For wall textures or ceiling designs, builders use lime instead of cement because of its neat finish and moisture resistance. Cement is best for creating the foundation and making it strong.
○ Base for Concrete Production:
Cement is the base material for concrete, on which critical urban infrastructure stands today. Without cement, a building would not be able to suffer load and collapse.
What is Concrete?
Concrete is the most abundant material on Earth, second only to water. It is made after mixing three key ingredients:
Composition:
Concrete comprises cement, water, and aggregates like sand, gravel, or small stones. Cement is the binder in this composition that holds all aggregates and makes them stronger. There are usually 70% to 80% of aggregates in concrete, whereas cement is only 10% to 15%.
The remaining 10% to 15% is water required for the hydration reaction. Water activates the power of cement to start hardening fast, but too much can weaken the concrete. In structural application, builders reinforce concrete with steel bars or mesh to ensure it holds maximum load.
Primary Use:
The primary use of concrete is to help build the urban civilization. Almost every structure that bears extreme load contains concrete.
Properties:
Concrete has several properties that make it the best building material. It bears substantial weight and stands the test of time, due to its compressive strength. High-grade concrete can even survive underwater amidst continuous tidal hits.

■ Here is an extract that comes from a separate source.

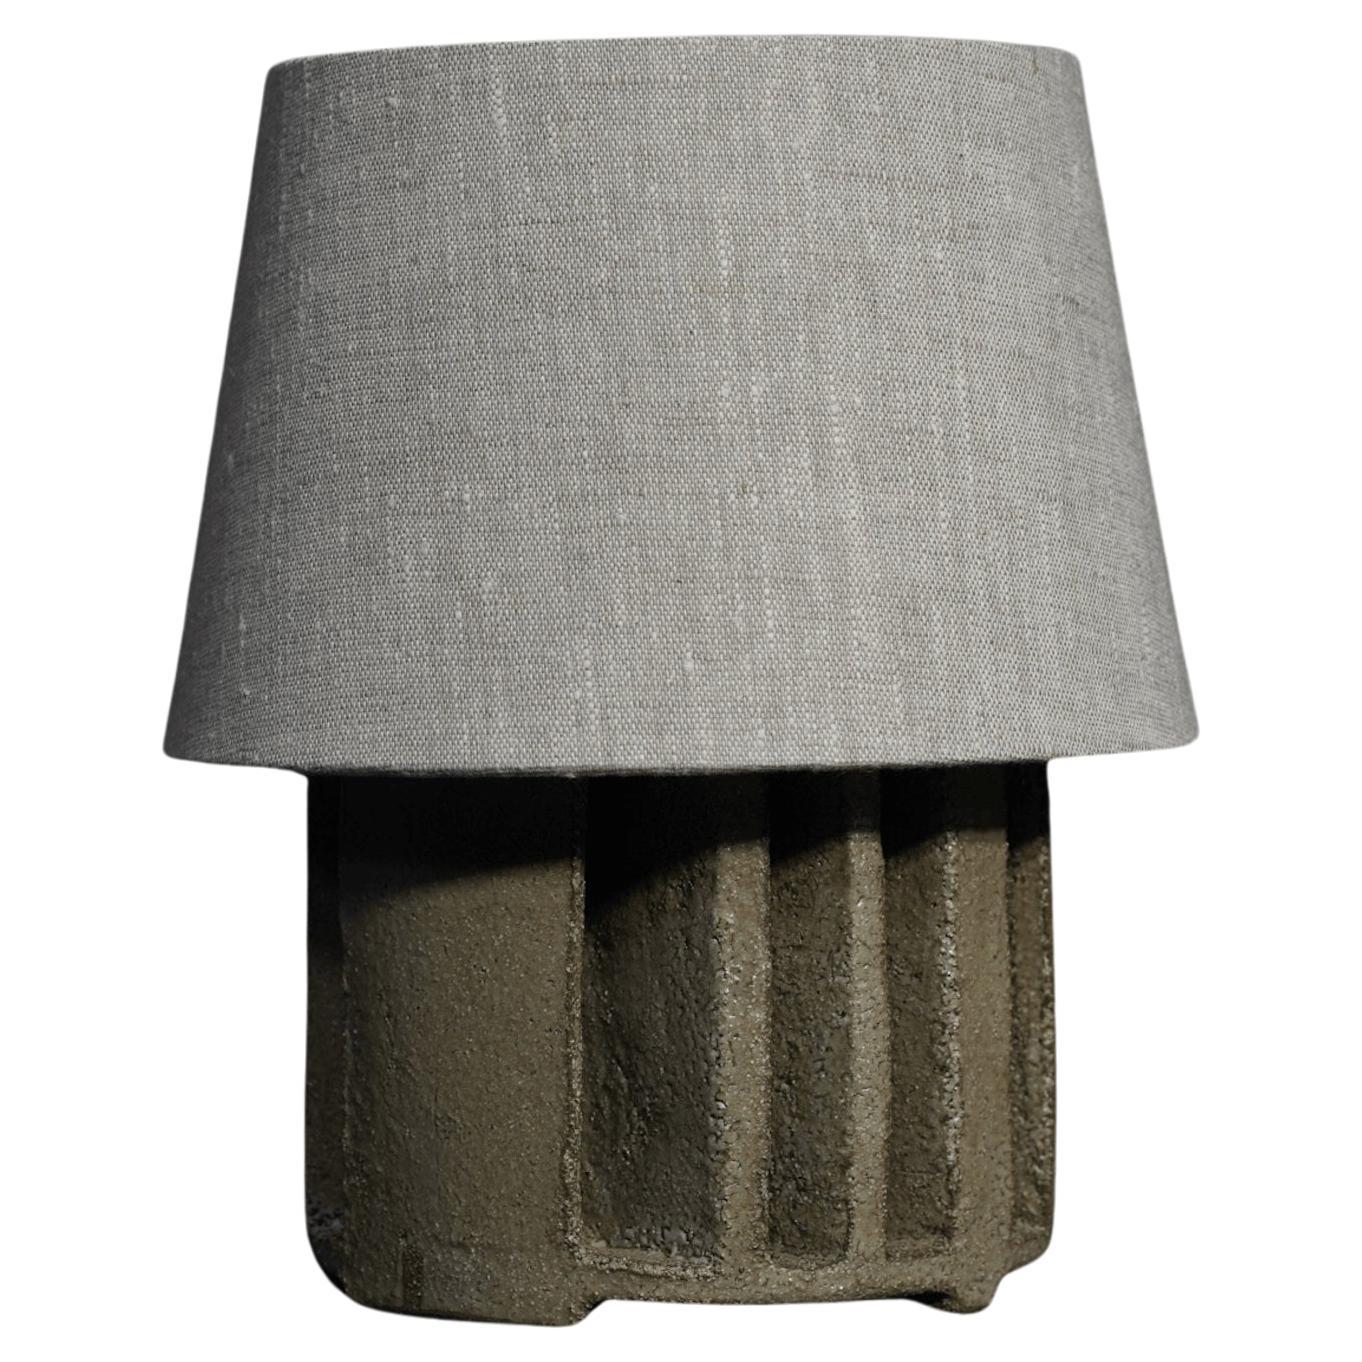 Small Sculptural “I” Ceramic Table Lamp, Lichen

Concrete is highly resistant to water, making it perfect for marine use. It also has elastic properties that prevent it from deforming under pressure.
Common Applications:
The versatility of concrete helps in all types of construction. Some common applications are:
○ Building Foundations
Concrete provides a foundation. All houses, factories, hospitals, schools, and skyscrapers stand stand on this foundation. Without concrete, buildings would sway under load and collapse. It gives them durability and longevity.
○ Roads and Highways
Roads and highways need material that can withstand wear. Concrete is the only option that can take continuous weathering from traffic and still stay smooth for a long time. Its elastic properties help the road resist deformation from pressure.

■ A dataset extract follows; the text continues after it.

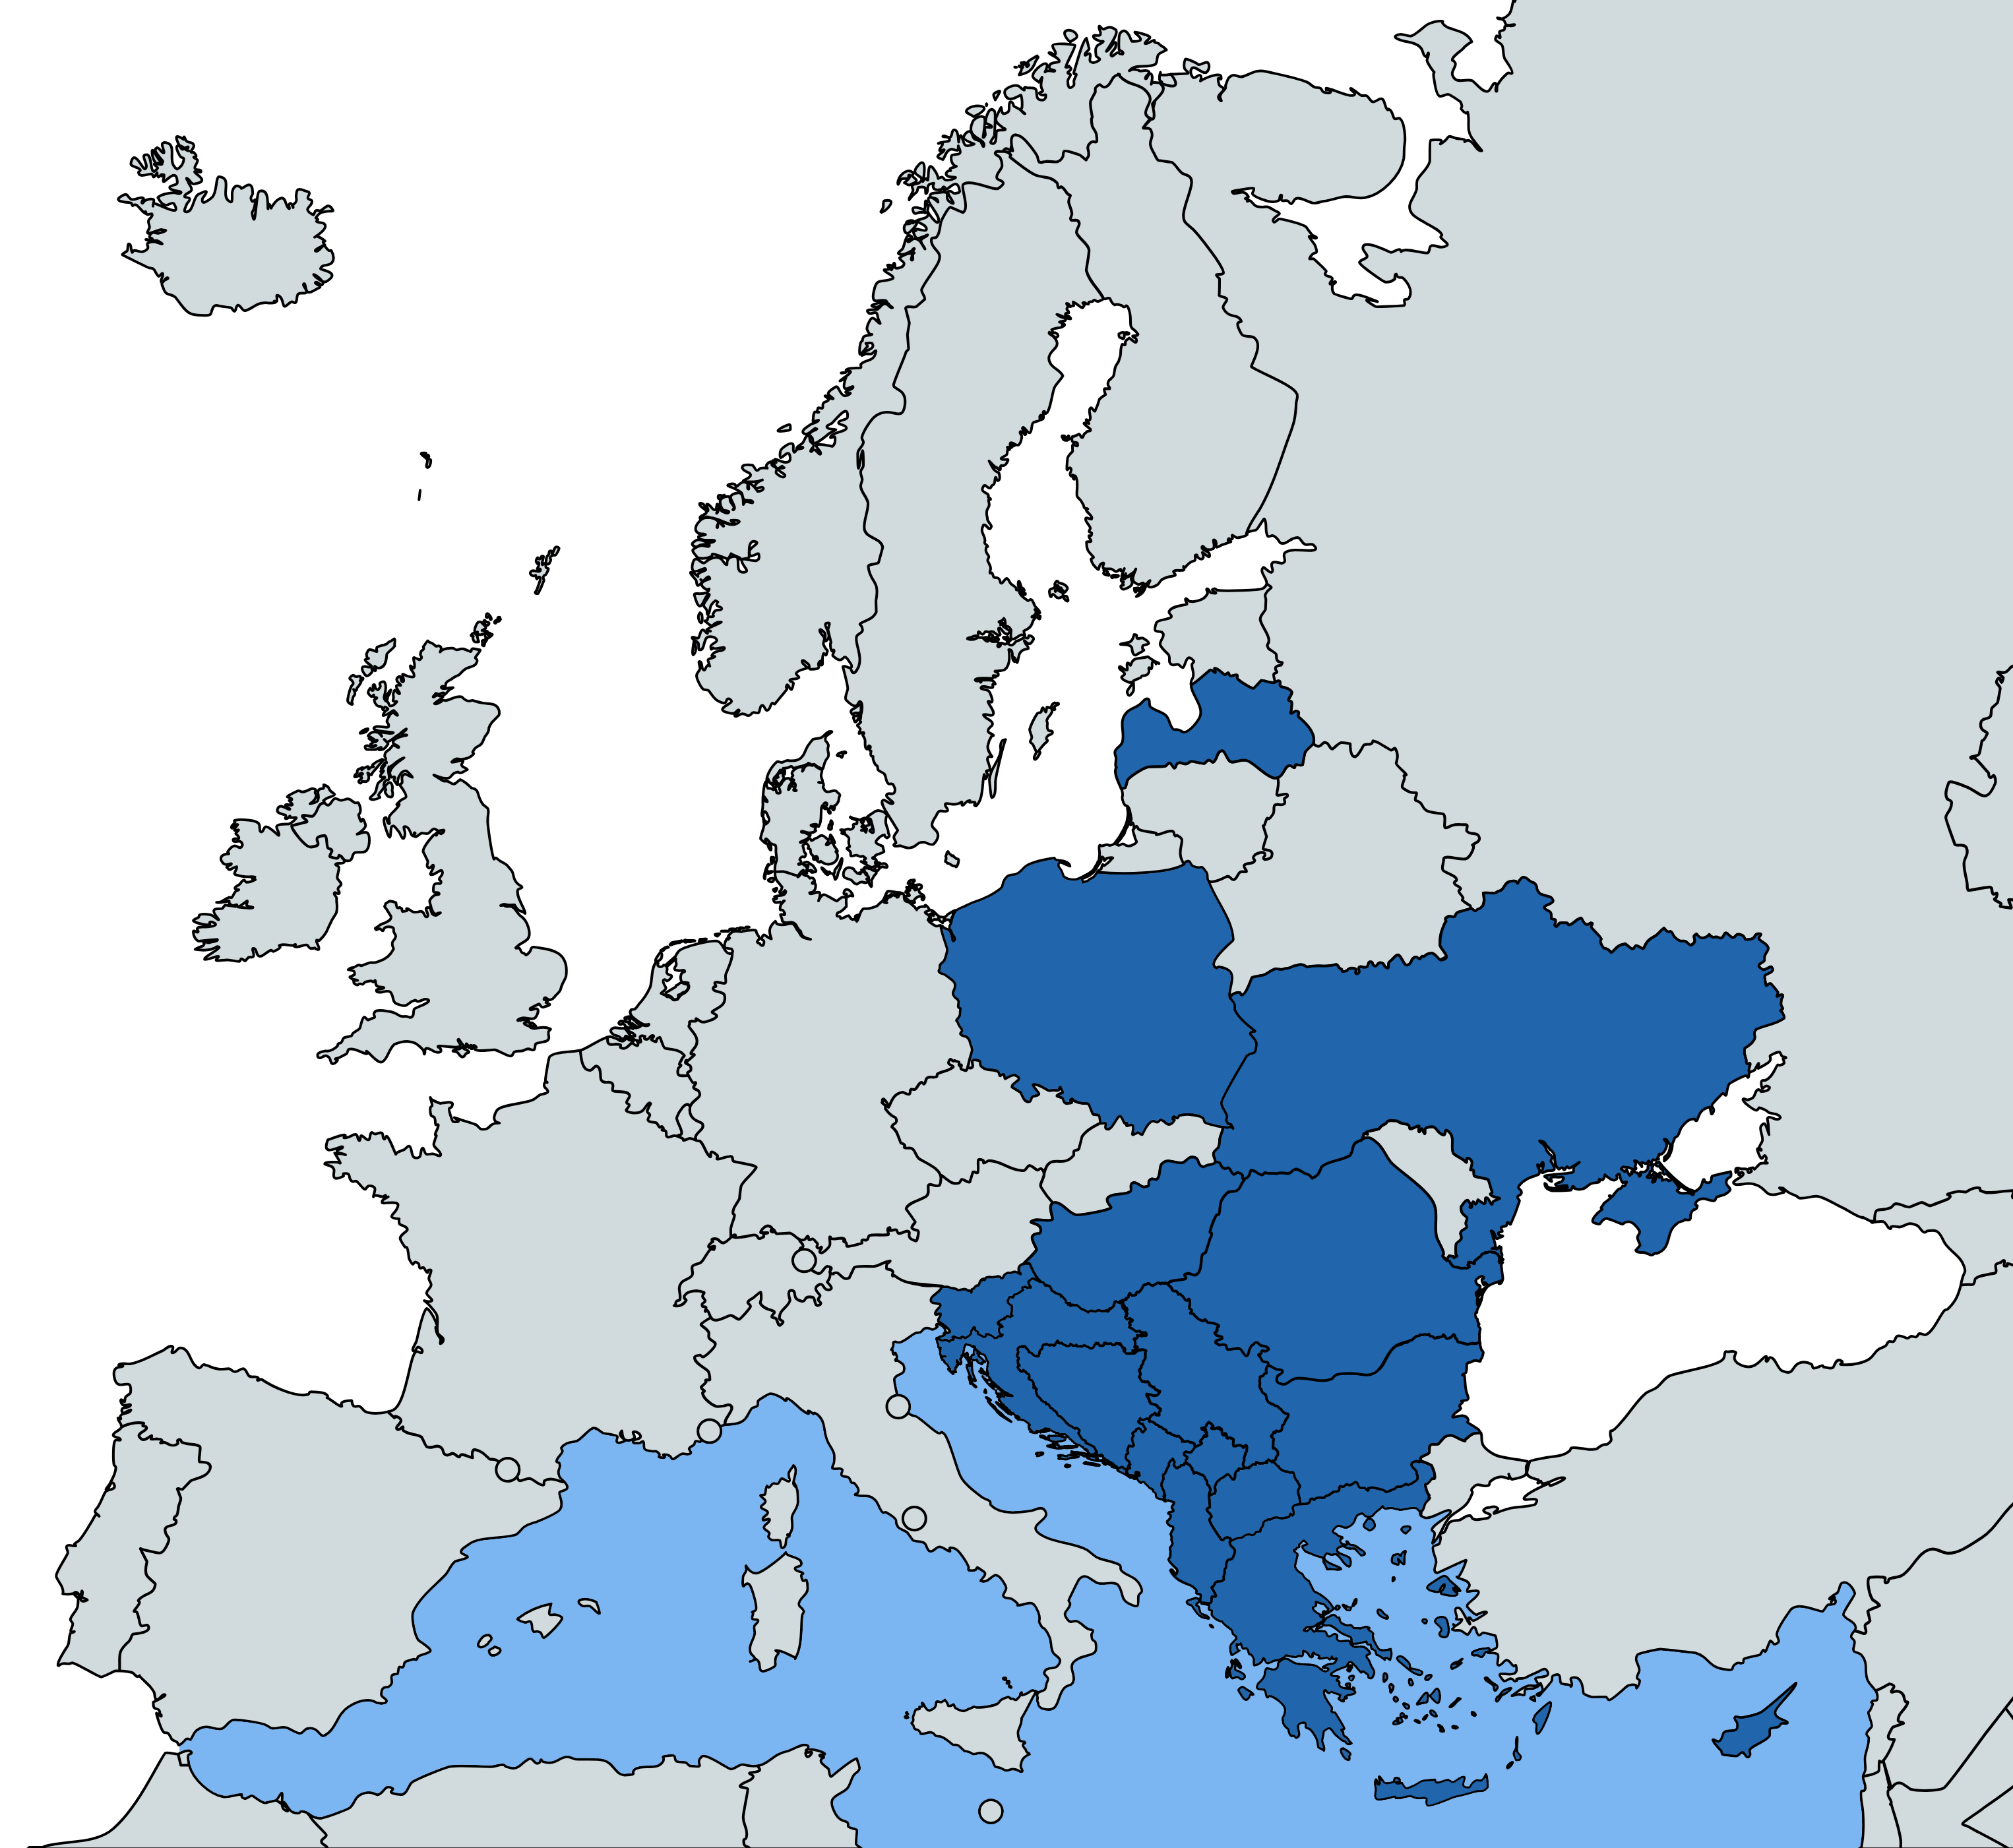 In blu i Paesi europei dove l'Italia è impegnata in operazioni militare (non solo con la presenza sul terreno). In colore più chiaro le aree di operazioni navali.

○ Bridges and Infrastructure
Concrete adds the holding power and duration for infrastructure like bridges and dams. Human life hangs on bridges every day. They easily carry countless tons of traffic hundreds of feet above sea level. Concrete keeps them standing through storms and earthquakes.
Dams, on the other hand, control entire bodies of water. Using concrete in the construction of dams offers more resistance to water and reliability. They don’t damage easily like the general embankment dams.

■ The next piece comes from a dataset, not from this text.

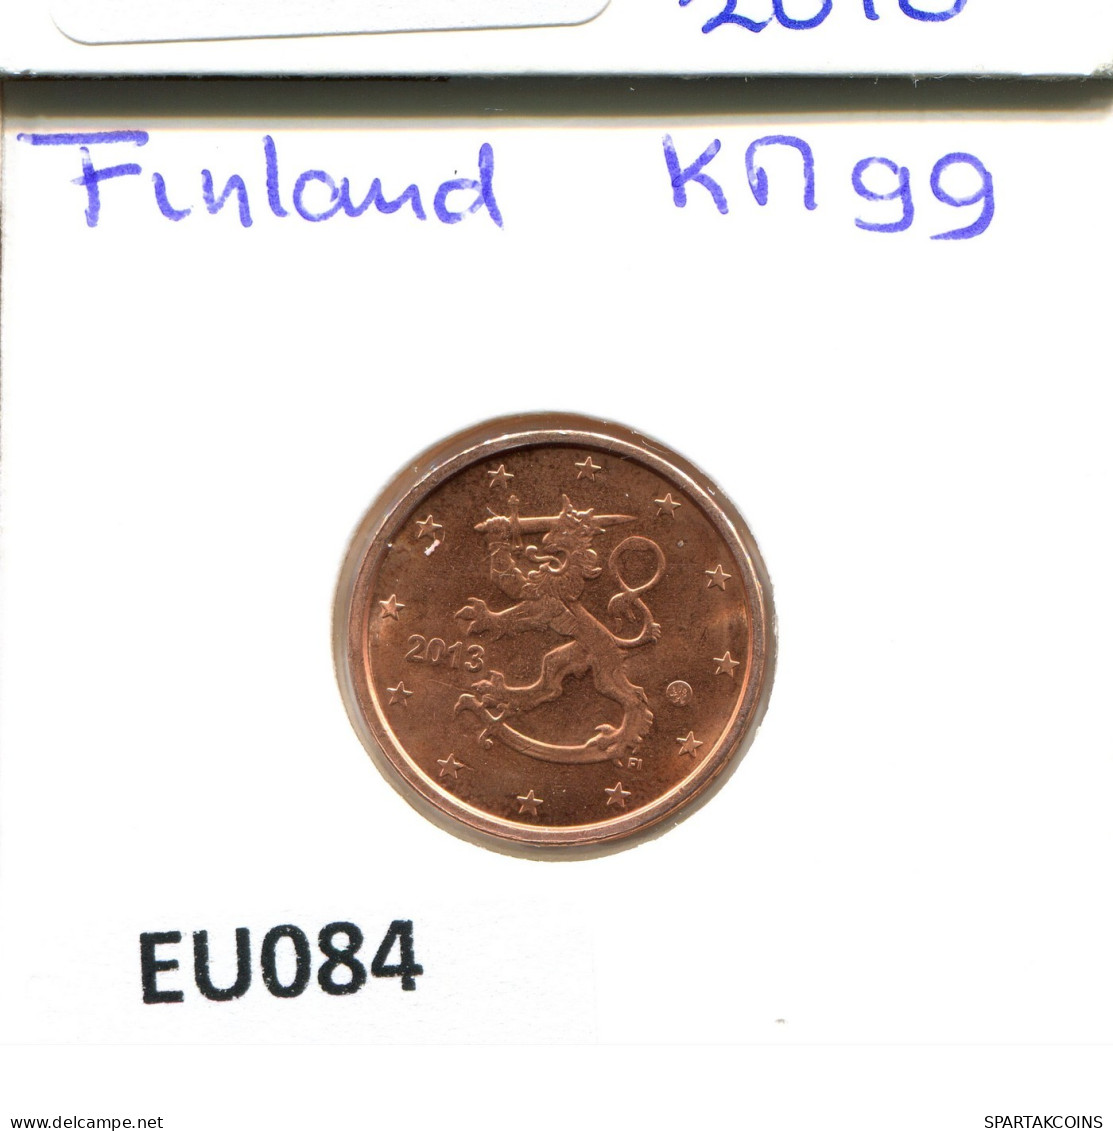 2 EURO CENTS 2013 FINLAND Coin #EU084.U.A - Finlandía

○ Marine and Coastal Structures
Marine and coastal structures face constant impact from water. These structures include piers, seawalls, breakwaters, groynes, and revetments. Concrete saves these structures from penetration by water or salt due to its low permeability. Saltwater can cause corrosion, which weakens metals and other materials in the building.
○ Industrial Floors and Pavements
Surfaces in industrial settings bear heavy machinery, thuds and falls, chemicals, and screeches. A normal floor would require frequent maintenance. Concrete flooring can handle the rough treatment of industries and save considerable expenses.
Conclusion
In conclusion, concrete and cement both play their unique roles in founding formidable structures. One cannot work without the other in large-scale infrastructure.